Jazz looked up at her boyfriend's face, worried. She picked his hand but stayed leaning on his side, maybe hoping her weight kept him grounded. Jason was very tense, and she could feel his breaths grow quicker and shallow.
"You can show me your room another day." She muttered, unsure if it was the correct thing to say.
He looked down at her eyes, searching for something. Exactly what he wanted, she didn't know; but Jazz held his gaze with determination, letting him know she would follow his lead with whatever option he chose. If he really didn't want to stay, she was fine with riding back to their apartment with her injured foot.
Jason clicked his tongue and breathed deeply once. "My old room is fine. Just for tonight."
Goodbyes were brief and hasty, the mood ruined after the uncomfortable exchange. Tim left with Bernard and Stephanie, since the couple was giving her a ride home, and Dick decided to stay the night as well. Duke made a tactical escape to his room with barely saying good night. Cass disappeared for a moment and came back wearing her pajamas, picking up Jazz' bag and discarded shoe to bring back to Jason's old room, leaving a spare pajama set for Jazz on the bed by Alfred's orders.
Bruce watched all happen from his loveseat with a worried face. He glanced at Damian as he passed by with Titus behind him, both coming back from the dog's last walk of the day.
"They are staying the night?" His son asked when he approached, watching Jason pick up the young woman in his arms.

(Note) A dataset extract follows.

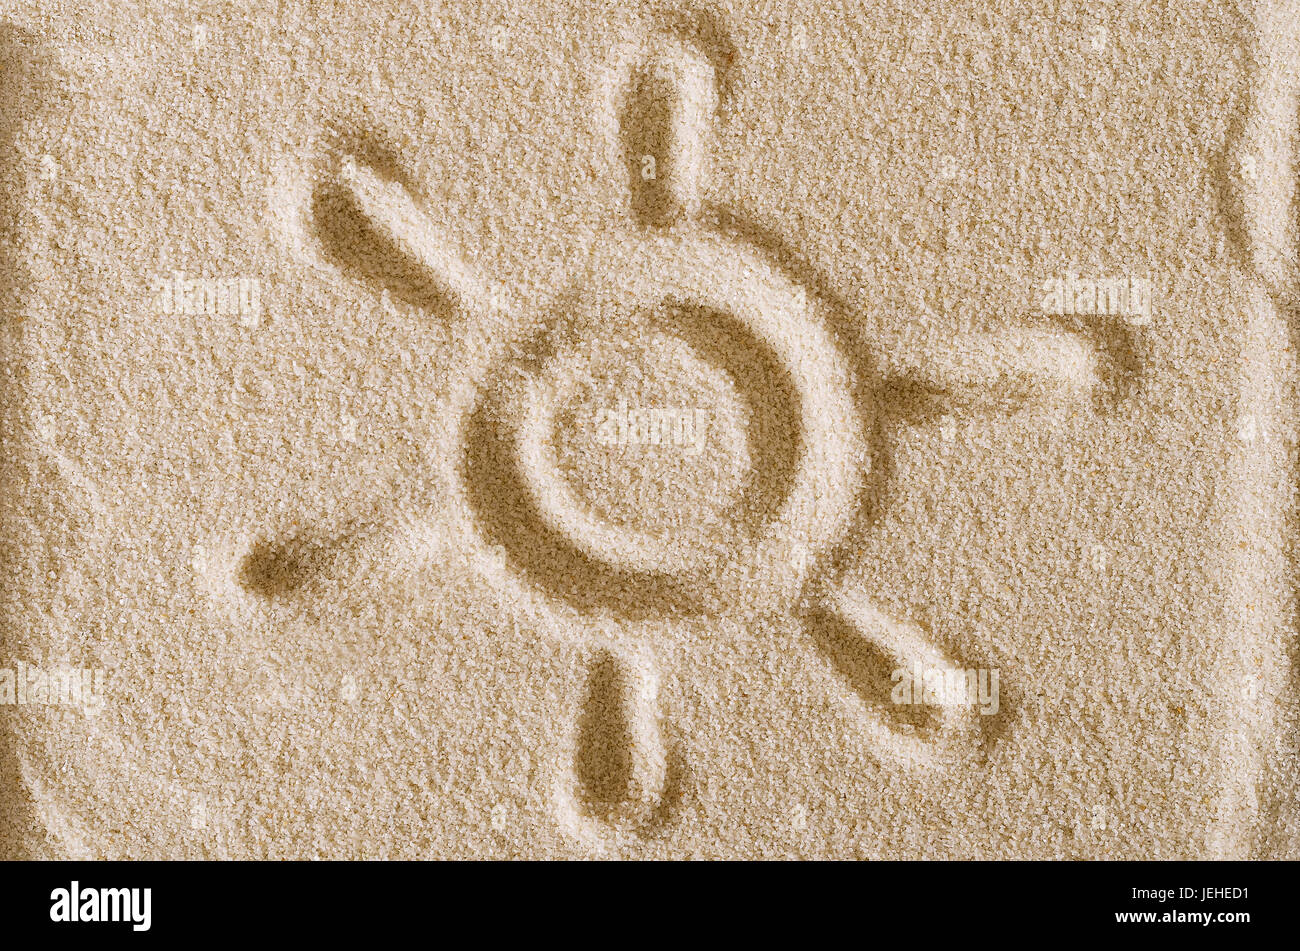 Simbolo del sole tratte in superficie di sabbia. Il simbolo solare è un cerchio con sei raggi. Pittogramma e firmare per elevata luminosità. Foto macro close up dal di sopra. Foto Stock

The older man smiled at her blushed face and embarrassed antics at being carried like a princess. "It seems so."
Damian considered the situation and nodded, his thoughts concealed. Bruce was positive his youngest's opinion of the new addition to the family changed during the evening; but he didn't know how Damian felt regarding having Jason back. His son didn't deal well with change, even less when it was regarding family dynamics, and he was worried about the whole situation.
For the moment everything seemed okay — Damian nodded again and went upstairs to his room without asking anything else.
And so, Bruce was left alone with Alfred.
"I like her."
The butler hummed at his master's words. "Shall I prepare a new suit, Master Bruce?"
That finally made the man laugh. "She's not a vigilante, Alfred." He said when he calmed down. "I wouldn't drag her deeper into this life than she already is."
Alfred gave Bruce a look, lifting one thin eyebrow, like he knew better but was biting his tongue.